Cave in southeastern Minnesota

Tyson Spring Cave is a cave located in southeastern Minnesota's Fillmore County. The region is within the Driftless Area, a region noted for its karst topography, which includes caves and sinkholes. Tyson's cave is a solutional cave privately owned by the Minnesota Cave Preserve. It is known for the extinct ice-age bones found scattered throughout the cave rooms. The majority of this extensive cave is approximately 120 feet below the surface and is estimated to be 3.5–5 miles in length, making it the 258th longest cave in the United States.

==History==
After the War of 1812, the United States deeded a parcel of land containing the natural entrance to Tyson Spring Cave to a war widow, who then deeded the property to Mr. Harper Tyson in 1862. Residents of Fillmore County would venture into the cave using wooden boats but were prevented from going any further than 800 feet because the passage was completely submerged in water. In the 1980s, local caver Roger Kehret began removing piles of rocks near the entrance in hopes of lowering the water level enough to pass through the sump.
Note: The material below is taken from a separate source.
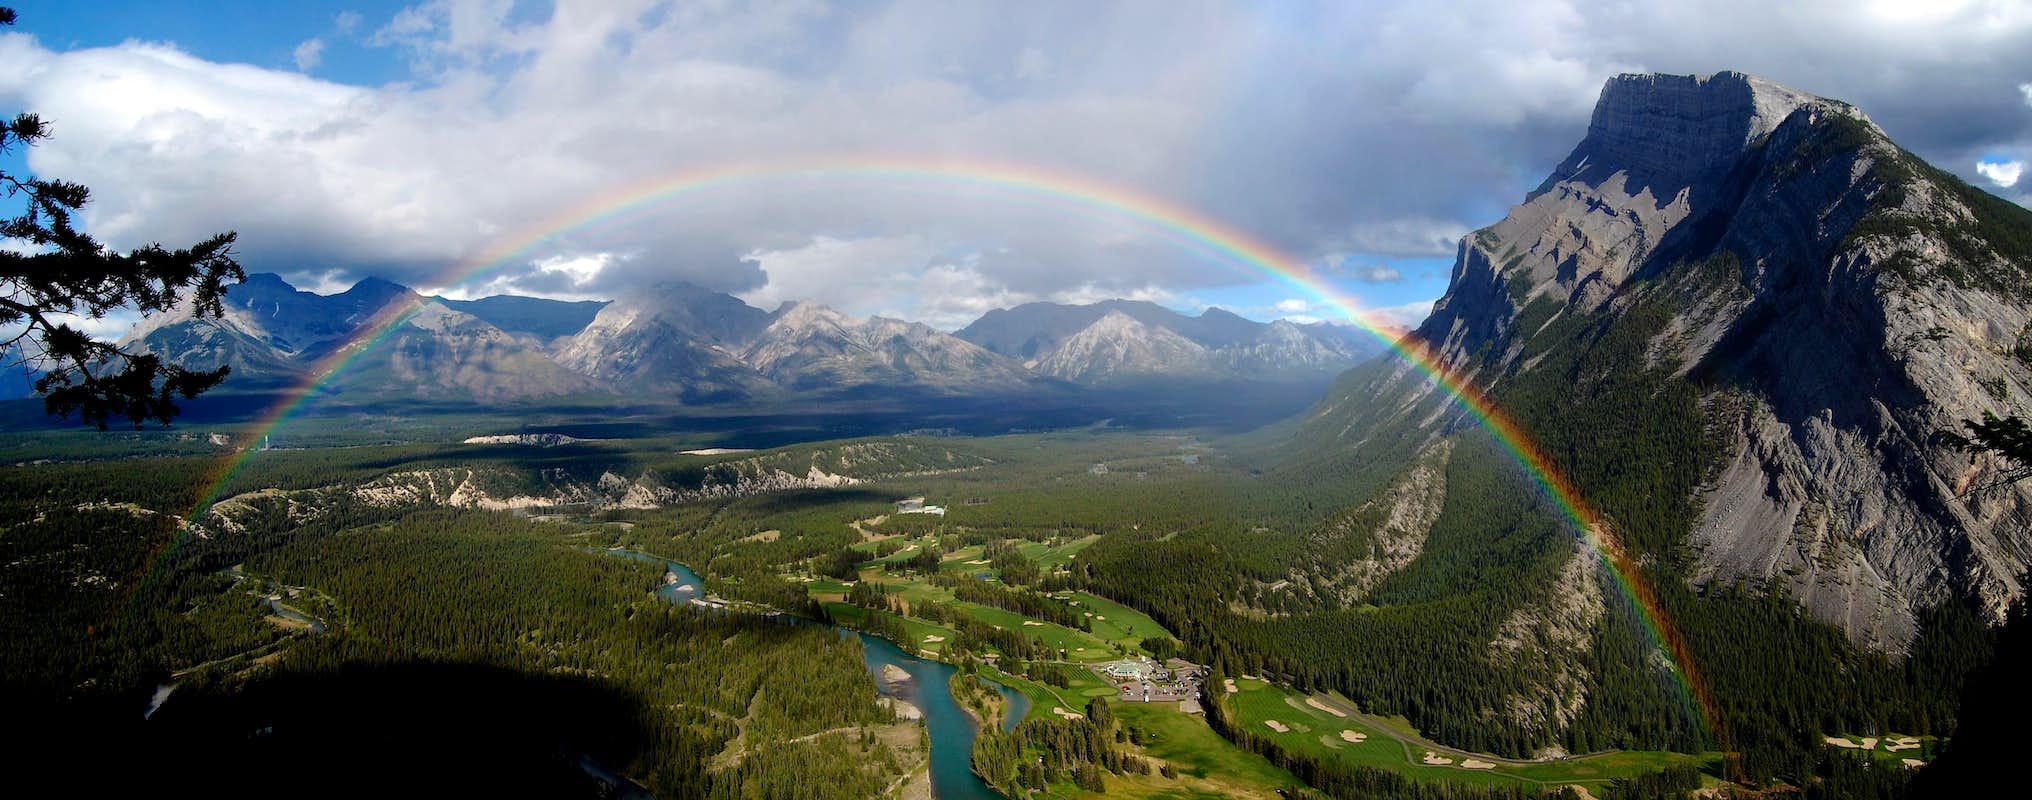 2008-07-30 - 05 - Banff

In 1985, Larry Laine and Steve Porter used SCUBA gear to dive through and reported that the cave indeed did continue into the unknown. Shortly thereafter, Roger Kehret and Dave Gerboth assisted John Ackerman in removing a constriction that lowered the water level enough for them to enter the cave without diving gear. John was the first non-diver to enter the cave, and alone, he ventured deeper. He eventually reached the end of the cave system and reported his findings to the scientific community. Since the cave could only be accessed during low water conditions, very few cavers entered this cave over the next 20 years.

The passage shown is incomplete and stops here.